Biało-czerwone barwy reprezentowali w sobotę w Planicy Jakub Wolny, Kamil Stoch, Dawid Kubacki i Piotr Żyła, który okazał się najmocniejszym punktem naszej ekipy. W pierwszej serii uzyskał 226,5 m, w finale poszybował aż na 242,5 m!
Podopieczni Stefana Horngachera cieszyli się z historycznego drużynowego triumfu na mamucie, na drugim stopniu podium stanęli Niemcy, a trzecie miejsce wywalczyli Słoweńcy.
W niedzielę w Planicy odbędzie się ostatni w tym sezonie konkurs indywidualny, w którym wystartuje czołowa "30" klasyfikacji generalnej Pucharu Świata. Jest w tym gronie czwórka sobotnich zwycięzców.
Kryształową Kulę już wcześniej zapewnił sobie Japończyk Ryoyu Kobayashi, ale wciąż toczy się walka o wygraną w klasyfikacji lotów: teoretyczne szanse ma na nią trzeci w stawce Żyła, ale do prowadzącego Niemca Markusa Eisenbichlera traci aż 72 punkty.
Pytany po sobotnich zawodach, czy powalczy jeszcze o tę Małą Kryształową Kulę, Żyła, jak cytuje Onet, odpowiedział krótko: Szczerze mówiąc, jak będę za bardzo o niej myślał, to wtedy nie mam szans.
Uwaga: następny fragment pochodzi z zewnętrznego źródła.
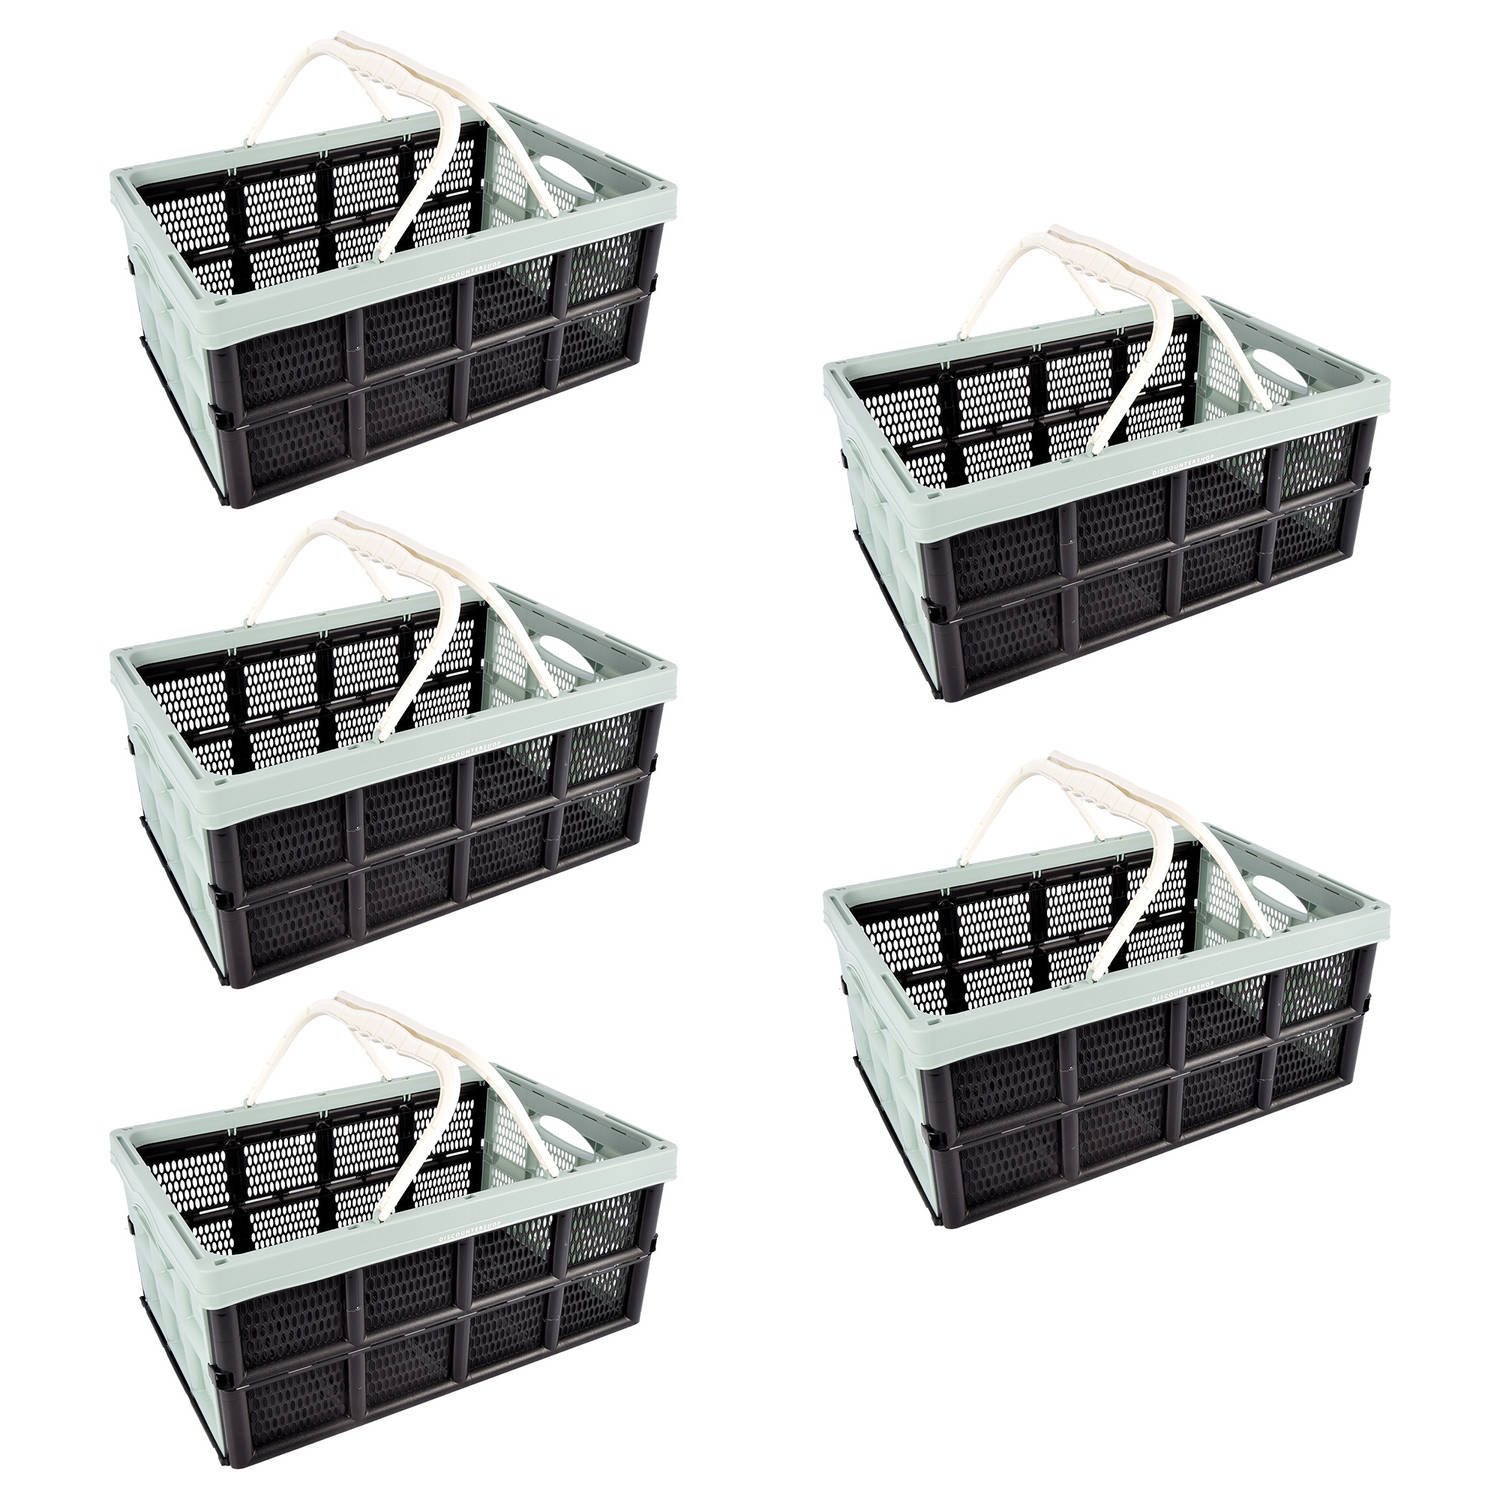 Set van 5 Multifunctionele Vouwkratten Met Hengsel - 40 Liter - Groen/Zwart - Draagbaar en Ruimtebesparend - Ideaal Opslagbakjes voor Diverse Spullen - 50x34x24cm

Na niedzielę mam inne cele i plany.
Nawiązał też do tradycji sobotnich popołudni w Planicy: to tzw. team parties, które wszystkie ekipy urządzają w swoich domkach serwisowych.
Na razie mam zamiar pójść do Amerykanów. Mam nadzieję, że mają burgery - podsumował Piotr Żyła.